Nehme ein bis zwei Scheiben ( oder mehr ) Toastbrot ( den einfachsten Buttertoast, aber NICHT toasten ), schneide die Rinde ab, befeuchte das Brot und knete es solange, bis ein geschmeidiger Teig entsteht, welcher nicht mehr an den Fingern klebt. Nun teile die entstandene Kugel mit einem Messer mittig und bestreiche eine Hälfte dünn mit Magarine. Auf der anderen Hälfte kannst Du noch etwas Flüssiglockstoff geben. Nun wieder gut durchkneten und damit angeln. Diese Mixtur hat sich bei mir seit ca. 45 jahren bewährt.


----------



## hamburger Jung (9. Dezember 2004)

*AW: Teig für Rotaugen*

@knispel: einfach, günstig und fängig! Mit ein wenig Lebensmittelfarbe (gibt es für schmales Geld in jeder Apotheke) kann man dem Teig auch noch andere Farben geben. Ich bevorzuge Rot beim Rotaugenangeln.

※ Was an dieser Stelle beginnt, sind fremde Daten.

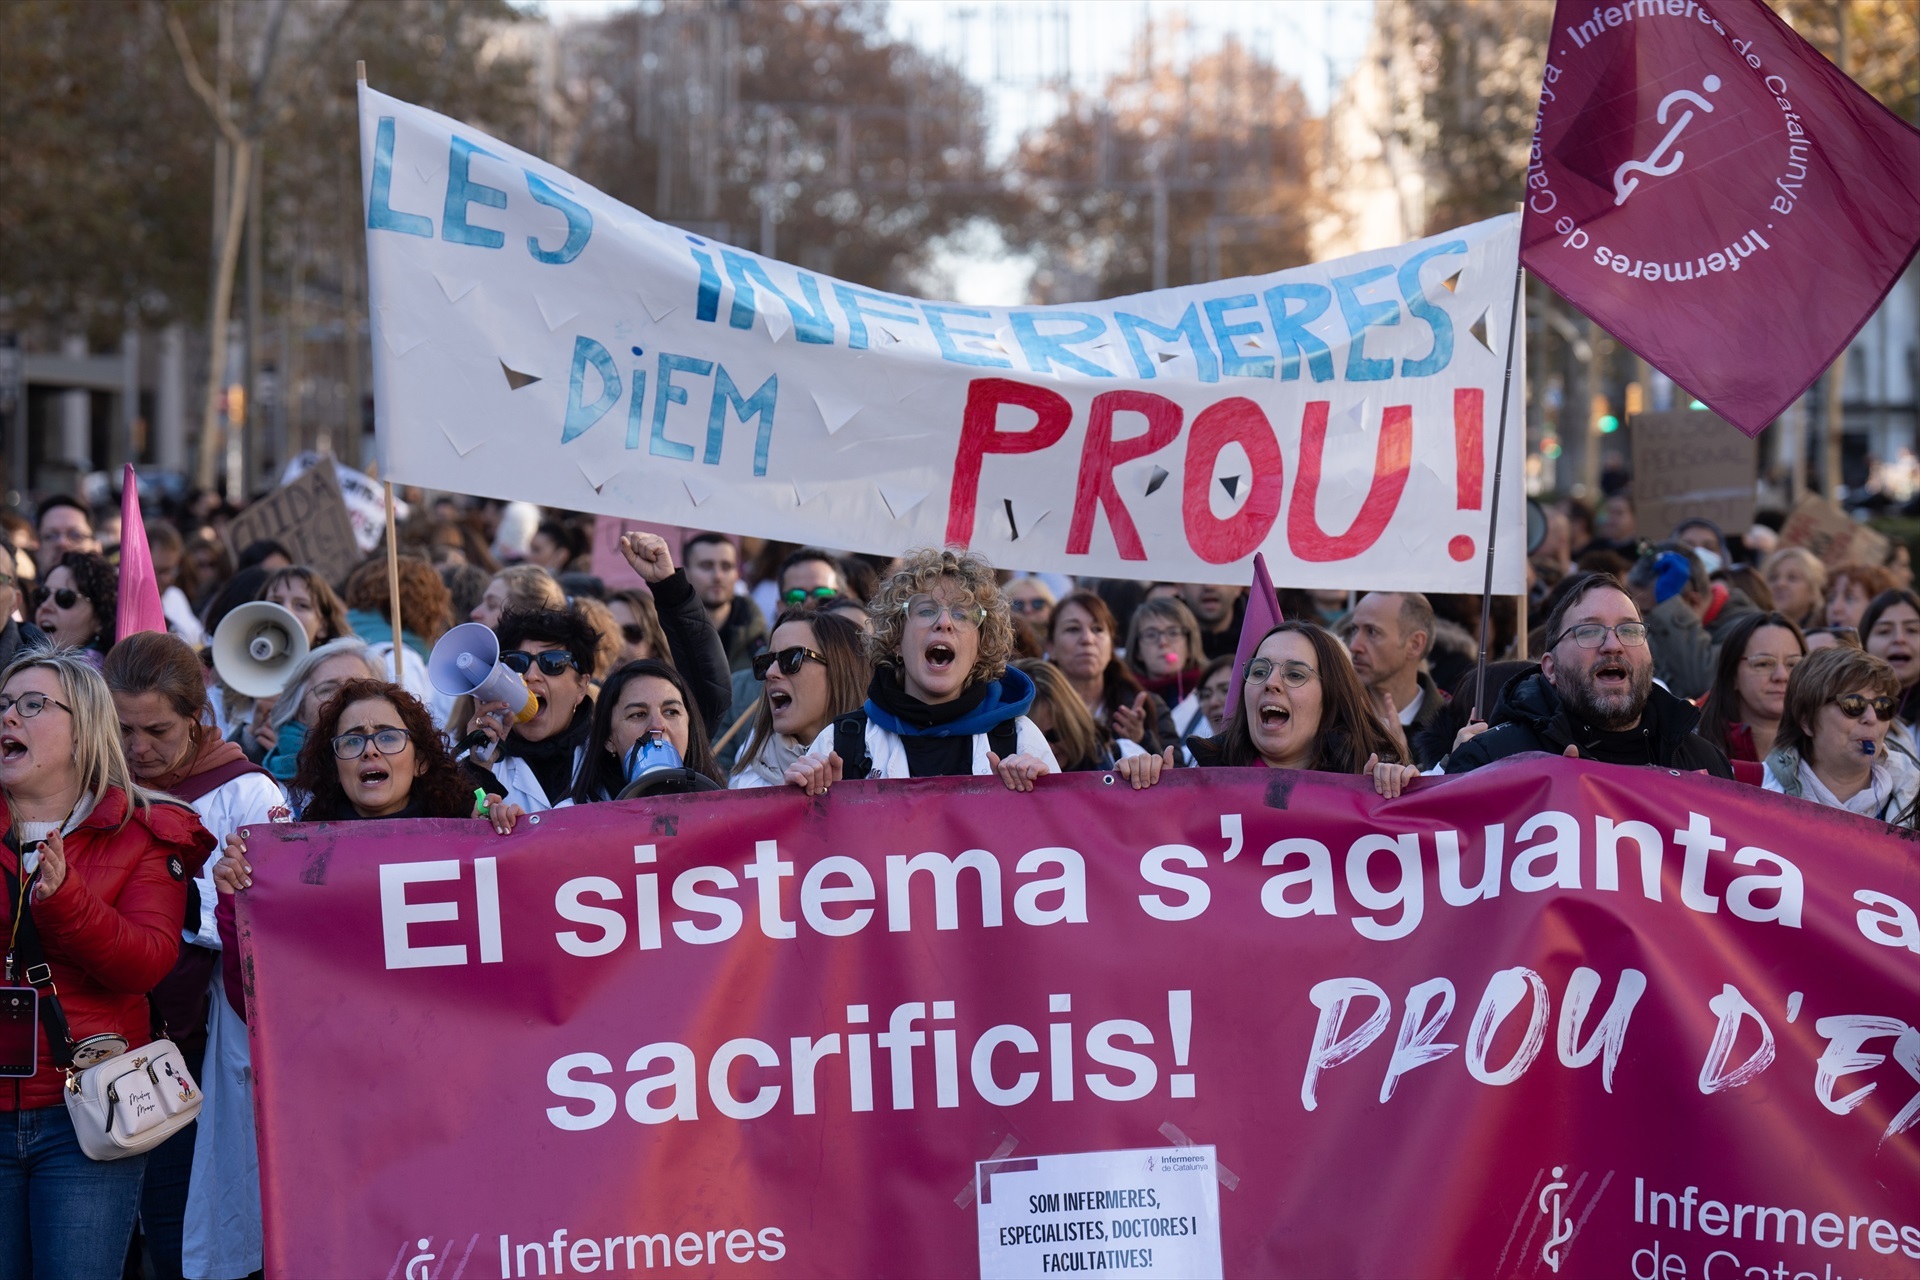 Les infermeres tornen a plantar cara al Govern amb una nova manifestació a Barcelona

Allerdings sollte man dann Handschuhe beim Kneten anziehen, weil die Hände sonst ebenfalls farbig werden.


----------



## Knispel (9. Dezember 2004)

*AW: Teig für Rotaugen*



			
				hamburger Jung schrieb:
			
		

> @knispel: einfach, günstig und fängig! Mit ein wenig Lebensmittelfarbe (gibt es für schmales Geld in jeder Apotheke) kann man dem Teig auch noch andere Farben geben. Ich bevorzuge Rot beim Rotaugenangeln. Allerdings sollte man dann Handschuhe beim Kneten anziehen, weil die Hände sonst ebenfalls farbig werden.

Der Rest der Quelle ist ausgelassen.